*Data*
******
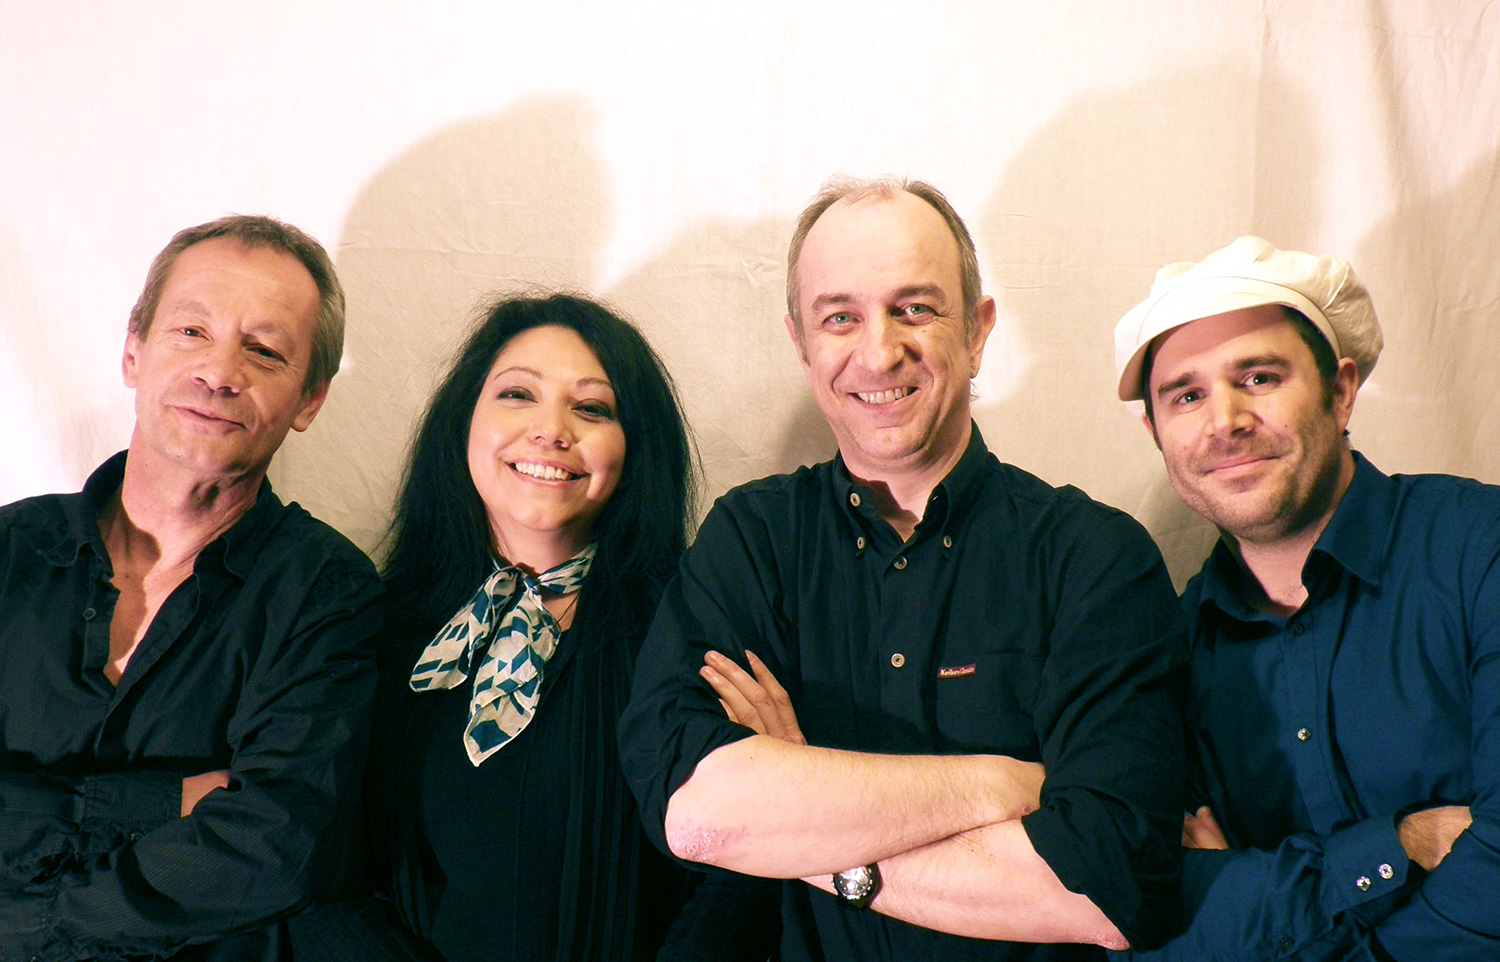 Smile Quartet - Gilles Besse, Huguette Payet, Fabrice Jimenez, Vincent Lepoivre
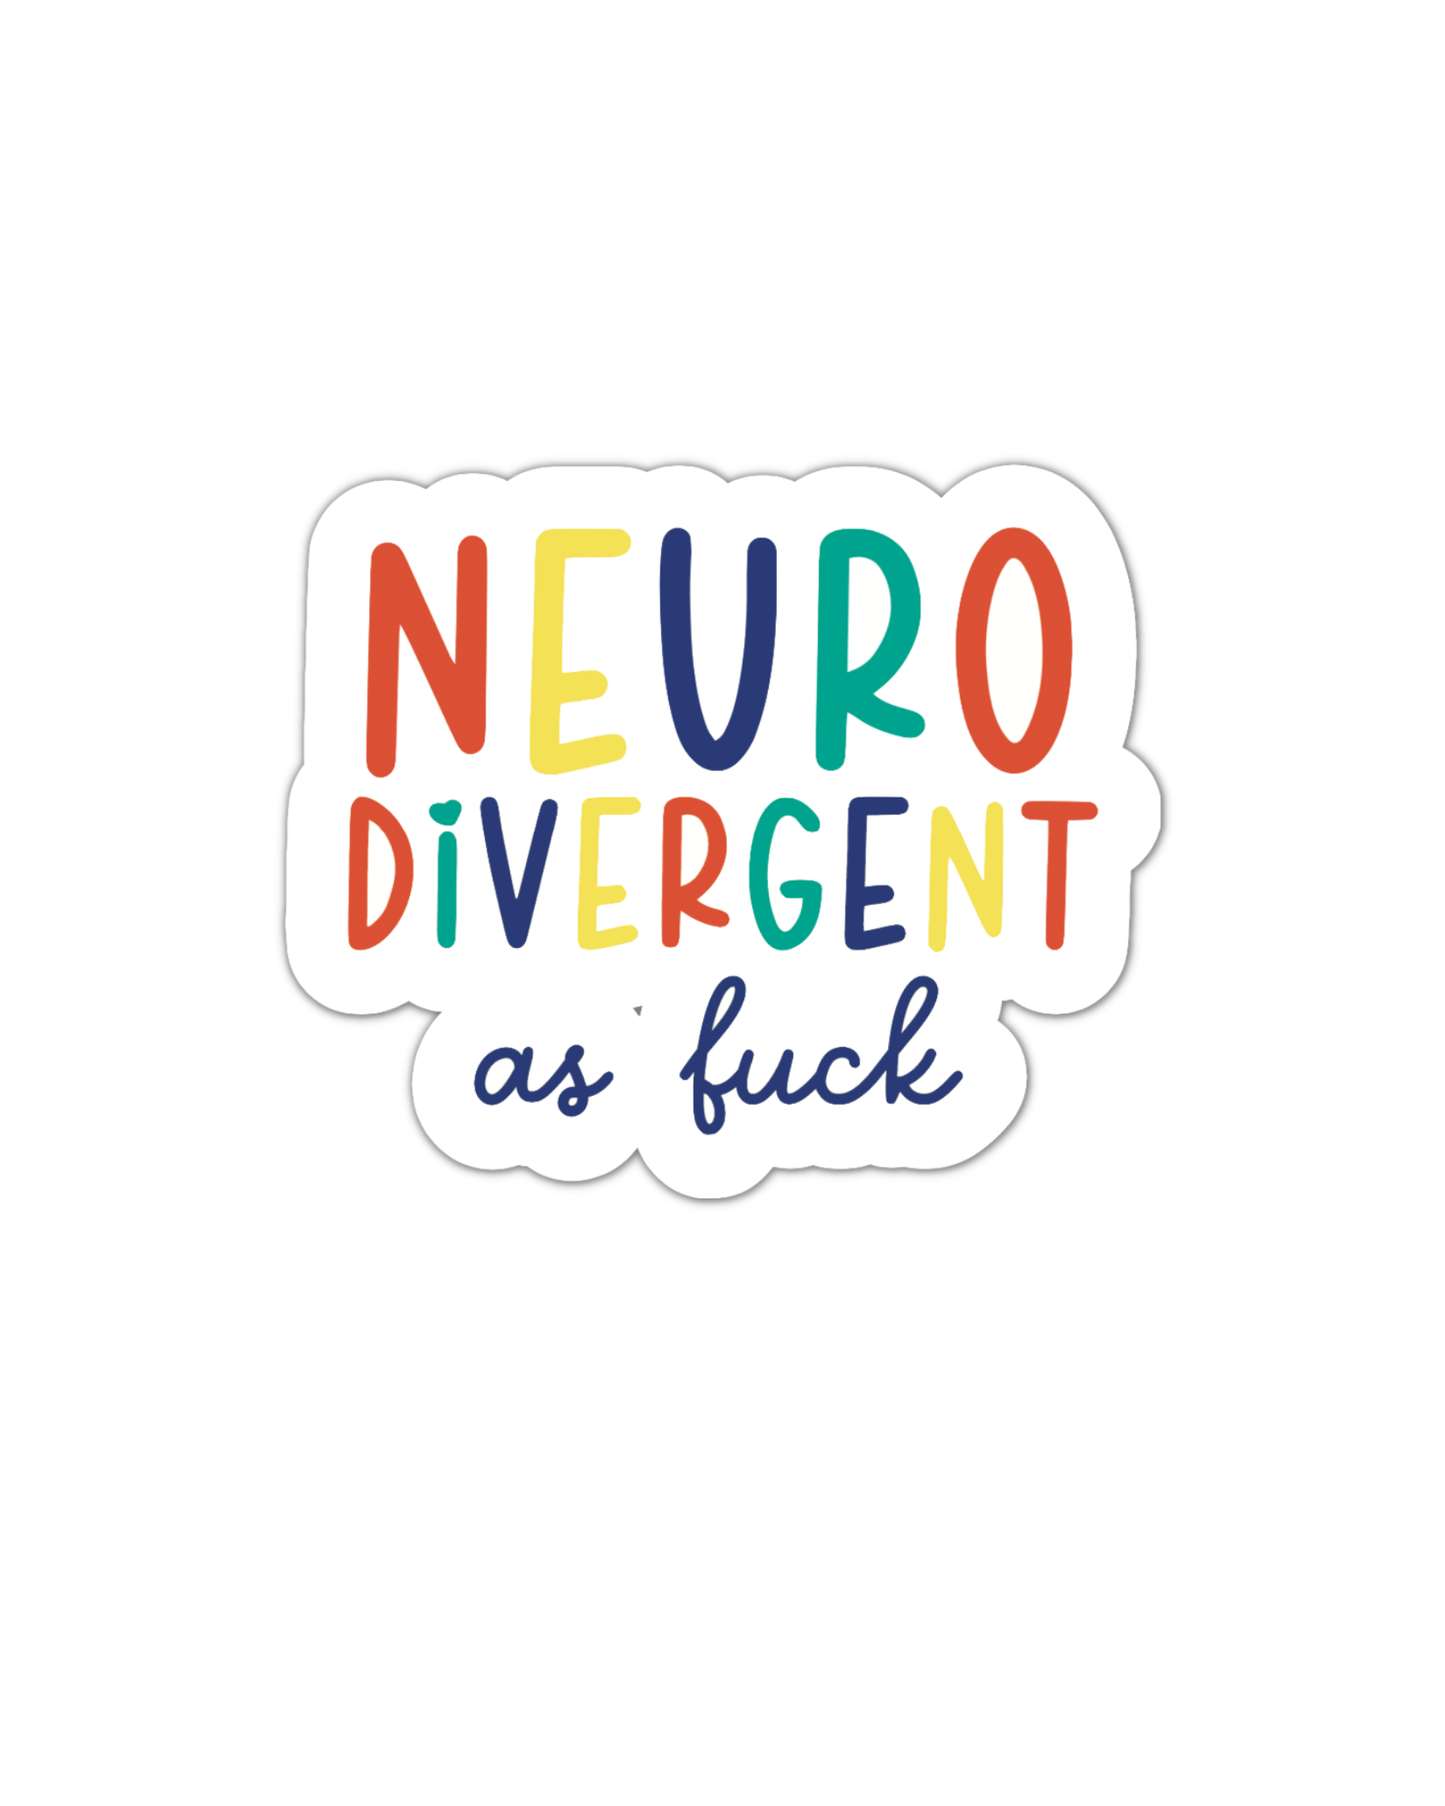 Neurodivergent af Vinyl Sticker
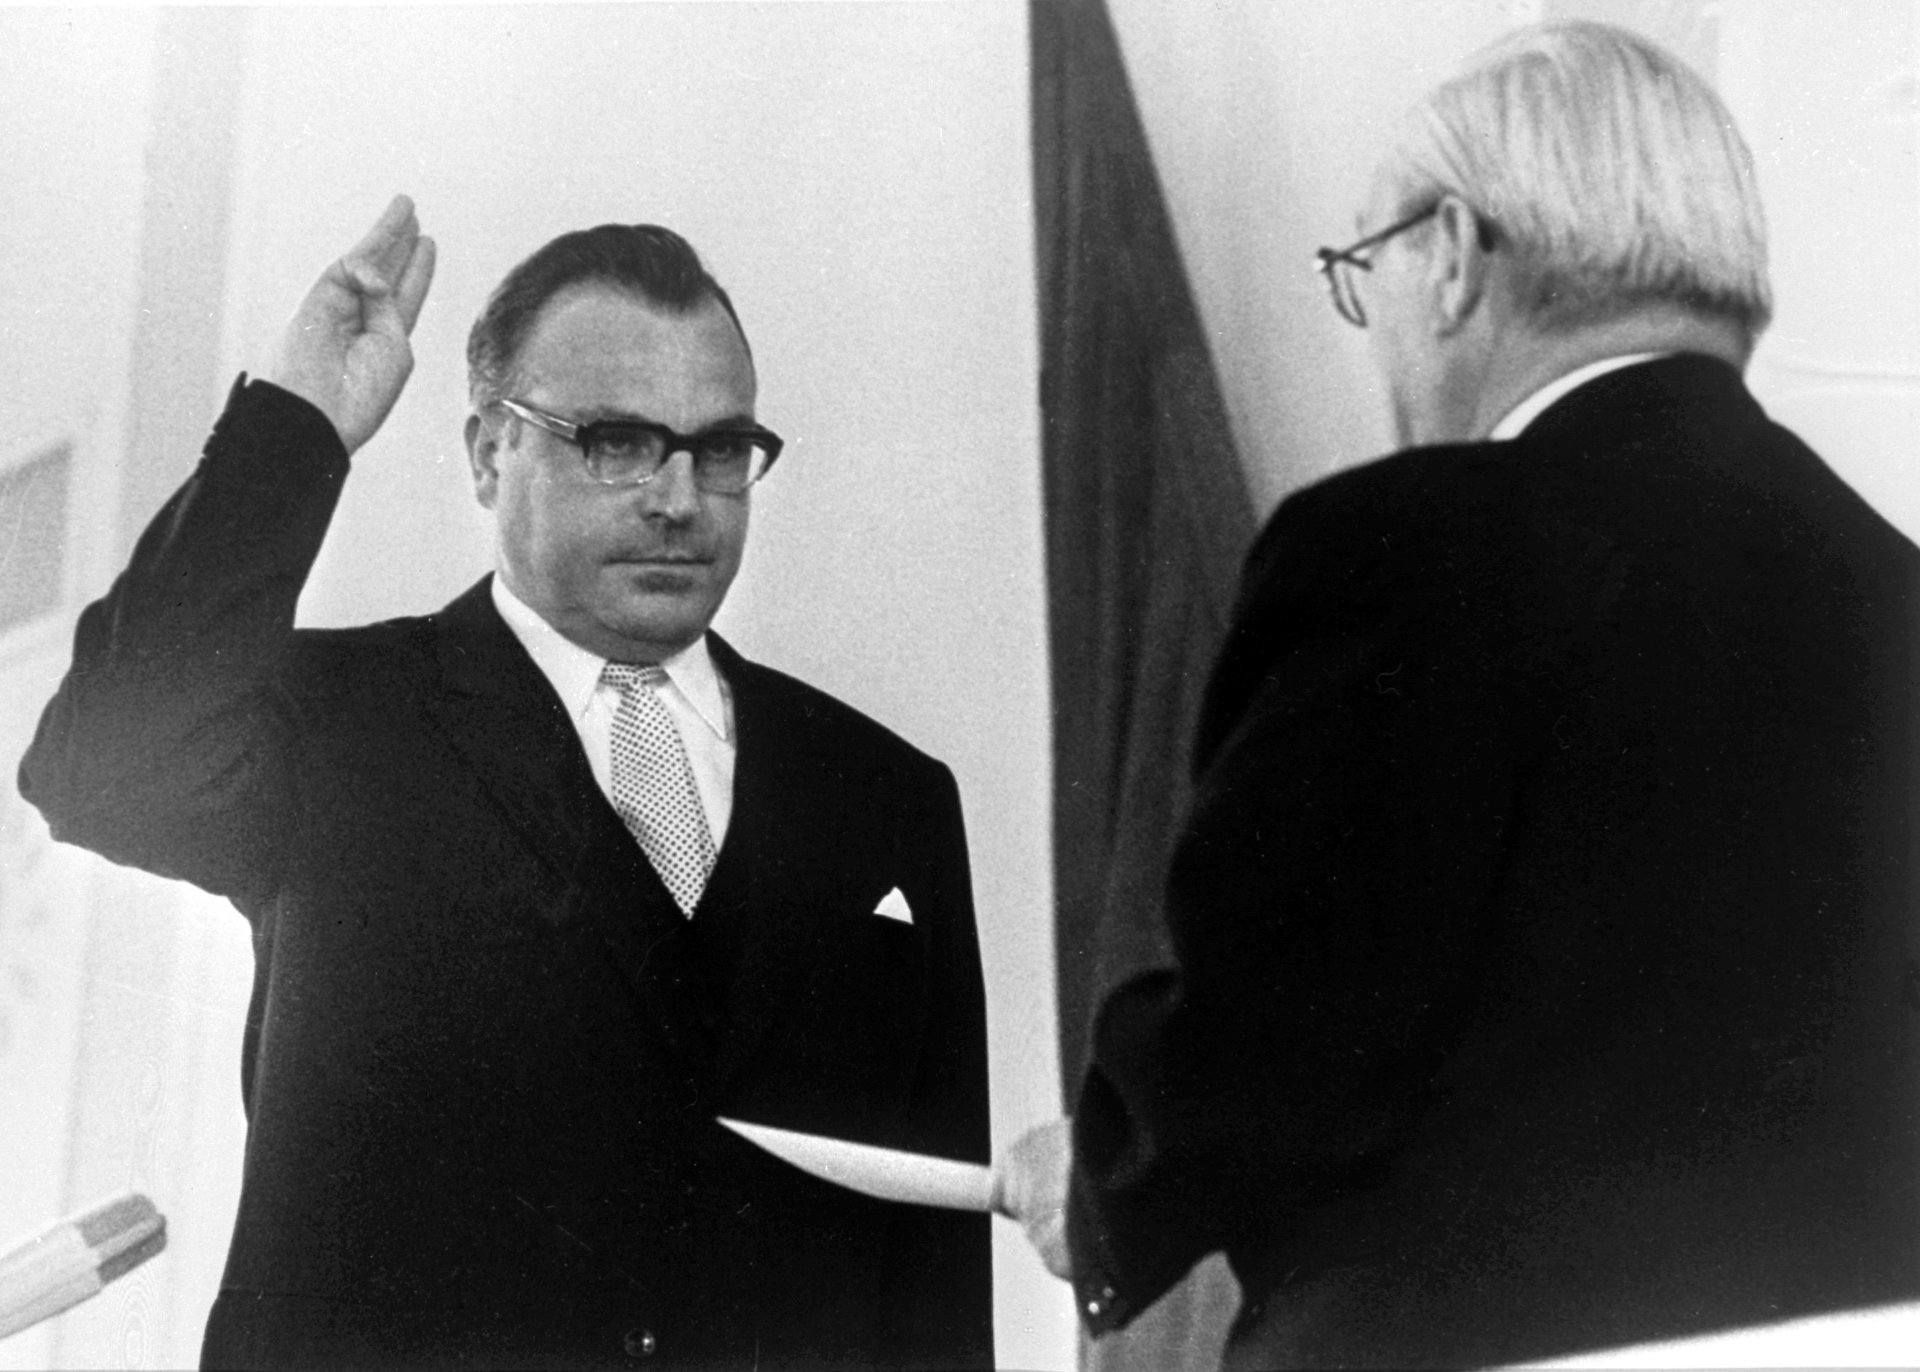 Schwarz-Weiss-Aufnahme von Helmut Kohl bei seiner Vereidigung als Ministerpräsident von Rheinland-Pfalz
******
Give back the material above exactly, without pictures.

*Completed task*
 Smile Quartet - Gilles Besse, Huguette Payet, Fabrice Jimenez, Vincent Lepoivre
 Neurodivergent af Vinyl Sticker
 Schwarz-Weiss-Aufnahme von Helmut Kohl bei seiner Vereidigung als Ministerpräsident von Rheinland-Pfalz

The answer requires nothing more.